Say I have an n x m Matrix, and an n-length Vector that I want to copy to, say, column 2 of my matrix. My first try was to do copyto! using CartesianIndices.
m = rand(3,3)
v = rand(3)
copyto!(m, CartesianIndices((1:3, 2:2)), v, CartesianIndices(1:3))
But that fails. copyto! only works to copy a slice of an AbstractArray{T1,N} to another slice of an AbstractArray{T2,N}, i.e. between tensors with the same number of indices, despite the API very elegantly allows to express the more general case with N1 != N2 as above. What is the proper way to do this (for arbitrary N1, N2) in v1.0? Is there a reason why we would not want a more general copyto!?
Something like the following (slight modification of the version in Base) seems to work for me. It’s such a minor modification that I suspect somebody had a good reason not to do it…
function copyto!(dest::AbstractArray{T1,N1}, Rdest::CartesianIndices{N1}, src::AbstractArray{T2,N2}, Rsrc::CartesianIndices{N2}) where {T1,T2,N1,N2}
checkbounds(dest, first(Rdest))
checkbounds(dest, last(Rdest))
checkbounds(src, first(Rsrc))
checkbounds(src, last(Rsrc))
src′ = unalias(dest, src)
for (Is, Id) in zip(Rsrc, Rdest)
@inbounds dest[Id] = src′[Is]
end
return dest
end
No, that works perfectly well, and it’s probably the truly Julian approach. The (small) problem is that, if I understand correctly, that approach allocates a view, and is therefore somewhat slower than a direct copy. Until we have something like #14955 I prefer to avoid views in my particular application.
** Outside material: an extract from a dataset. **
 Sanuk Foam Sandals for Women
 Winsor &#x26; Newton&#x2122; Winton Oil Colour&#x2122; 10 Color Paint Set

But thanks for pointing that out!
Note, that it only allocates a view of you have a slice on the rhs of the assignment. For copying a full vector (or matrix), as in your original example, it should be efficient.
It sure would be great if could work as efficiently as copyto!. Much simpler, and nicer, I would gladly use .= always and stop worrying about hidden allocations.